Вскоре появилась вторая школа, Дзёдзицу. На сей раз — из дружественно-враждебного княжества Пэкче. Видимо, отличий с первой школой, кроме места происхождения, было мало, поскольку через некоторое время оба направления слились.
Учение Санрон действительно основано на трех трактатах, в том числе, на трудах Нагарджуны, работавшего в русле философии северной ветви буддизма. Он доказывал принцип суетности, нереальности происходящего, был убежден, что все явления мира нереальны и не существуют обособленно друг от друга.
Такие построения были слишком сложны для японцев того времени, которым гораздо более привлекательными казались обряды и чтение сутр (это стало для многих из них некоей разновидностью магии). Поэтому в эпоху Нара Санрон утратила большую часть привлекательности.
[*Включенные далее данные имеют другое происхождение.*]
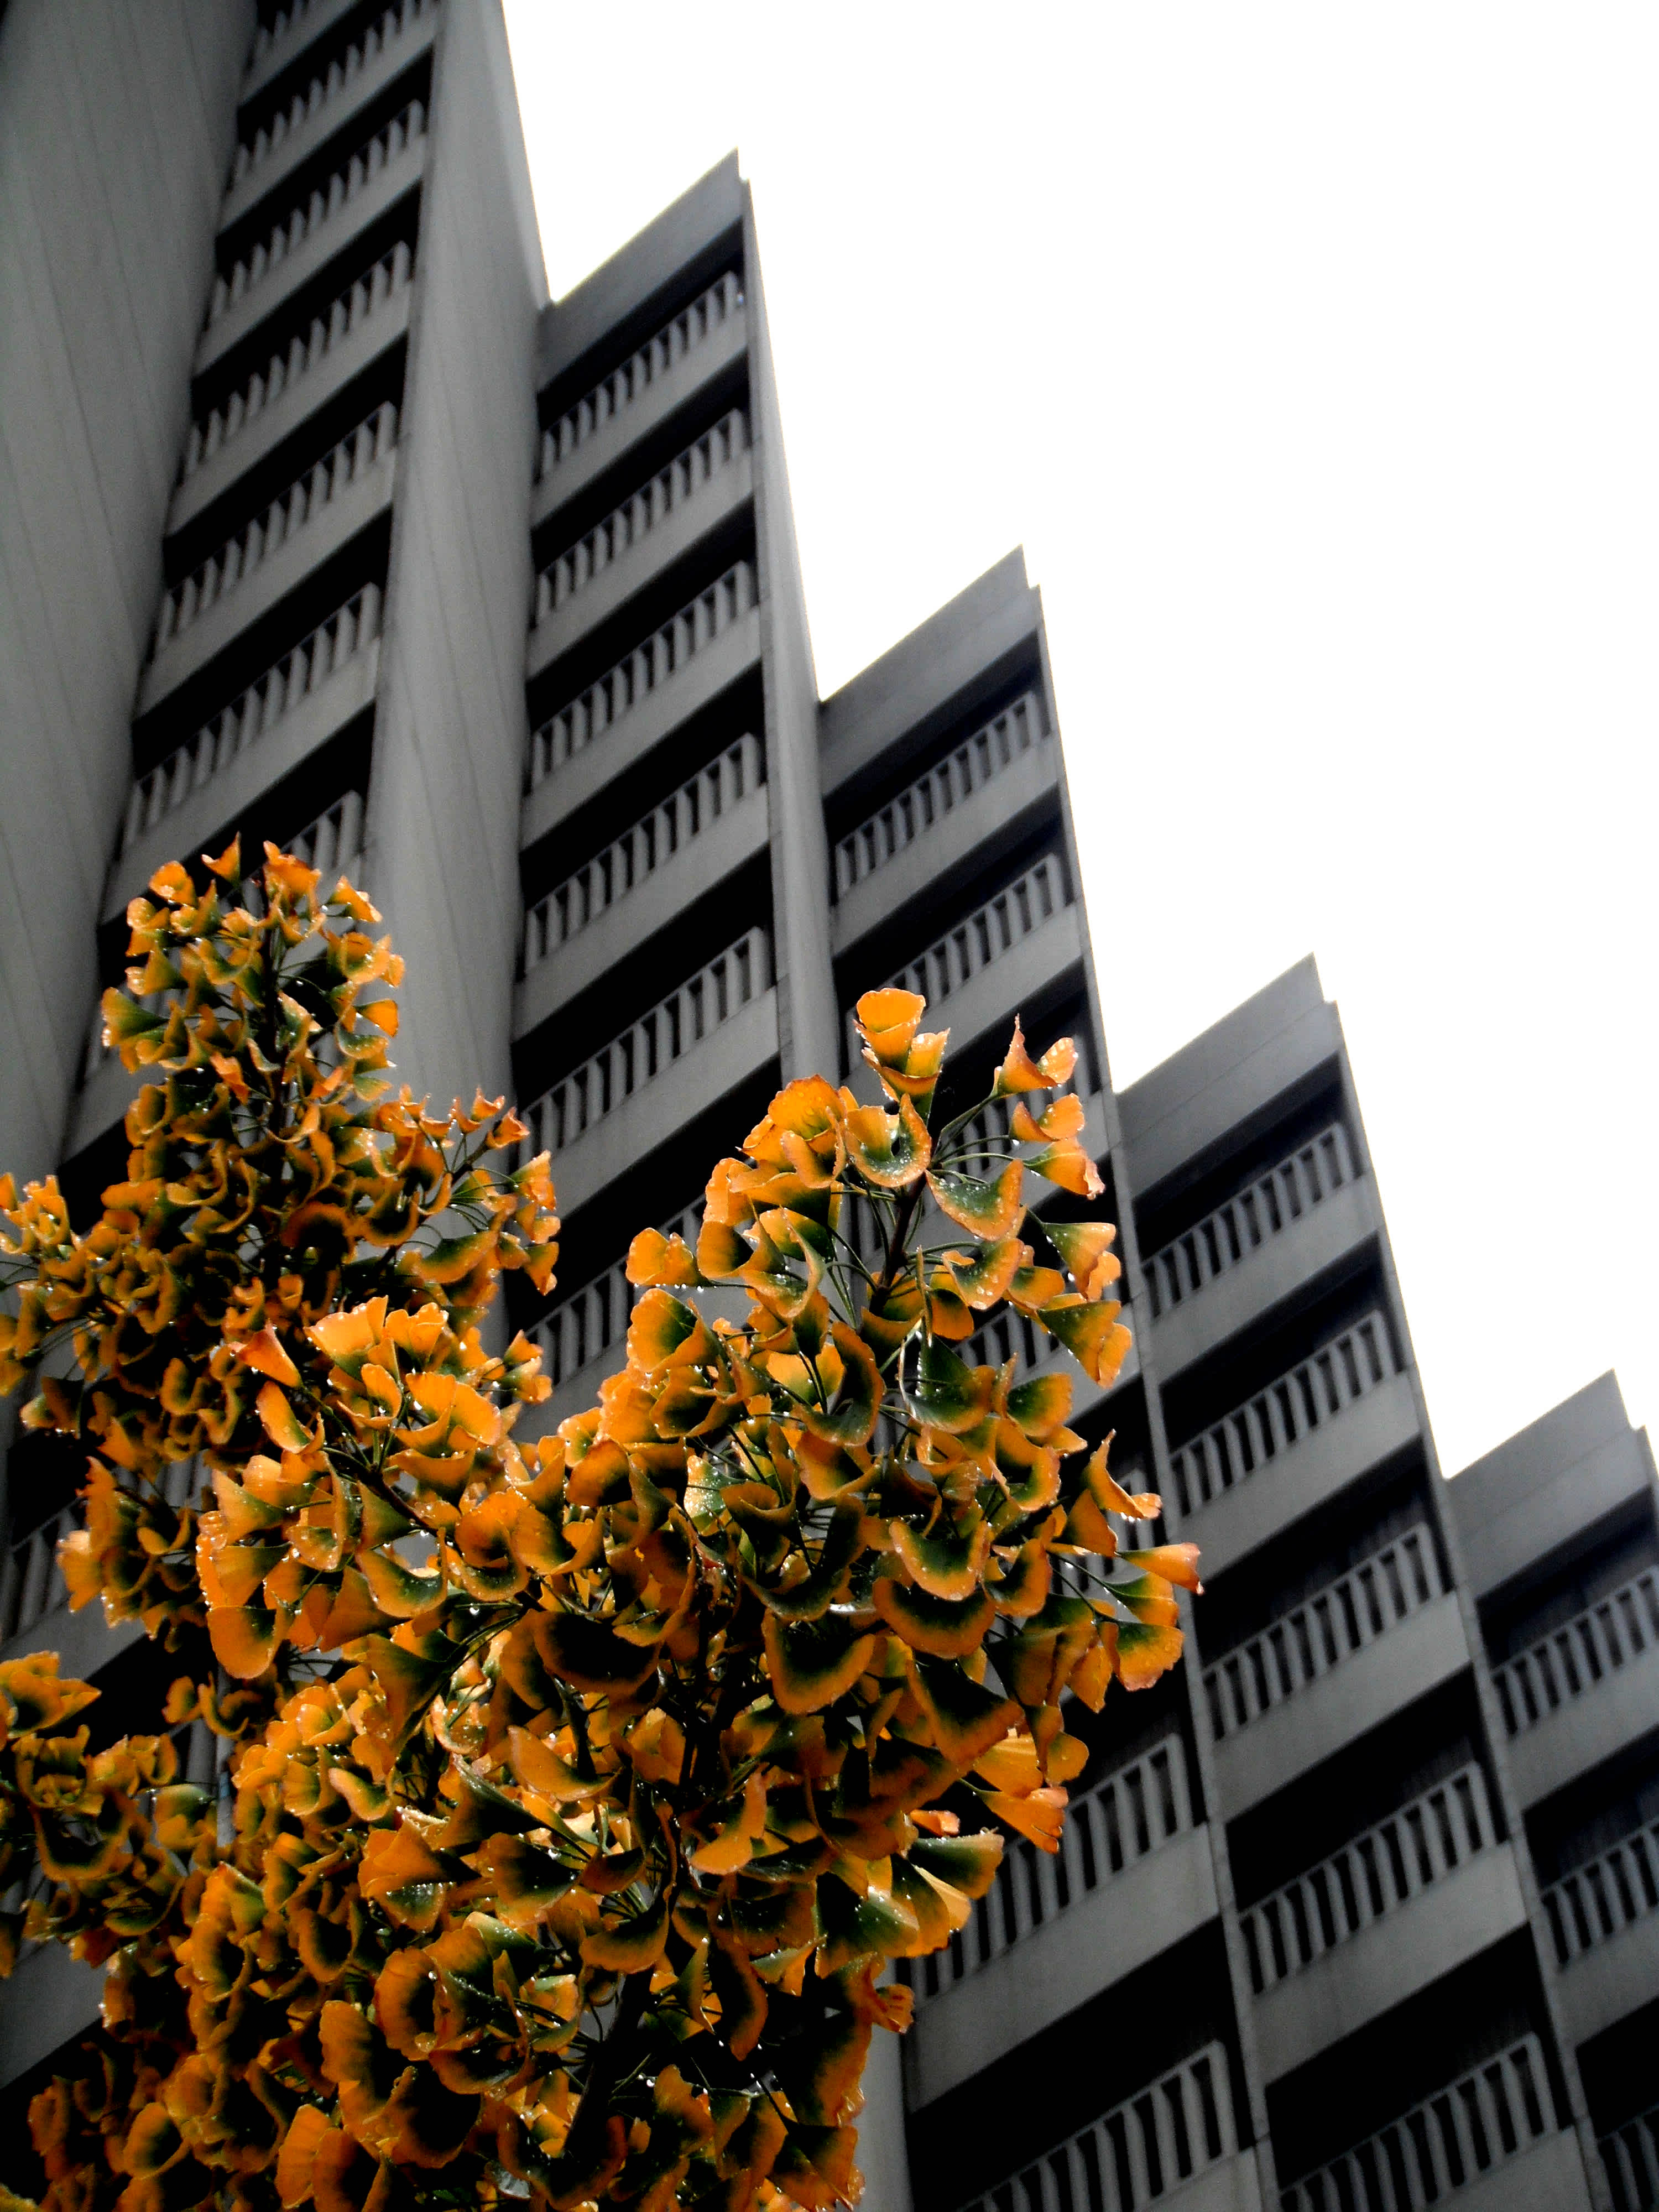 Yellow and green leaves in front of a black and white building in Embarcadero, San Francisco, California.

Третья школа — Хоссо. Вот она происходит уже из Китая, хотя ее основателем стал монах Досё, учившийся в этой стране. Основа ее учения — труды Сюань Цзана, утверждавшего, что реальность — это единственное сознание. Учение Сюань Цзана, базировавшееся на изучении санскритских буддийских трактатов, считалось совершенным и в Китае. Ведущую роль в буддийской теологии в Японии к эпохе Нара играла именно эта школа, имевшая собственные монастыри. К слову сказать, монастырь Хорюдзи, о котором уже говорилось, первоначально находился под контролем Сапрон, но затем стал важнейшим центром школы Хоссо.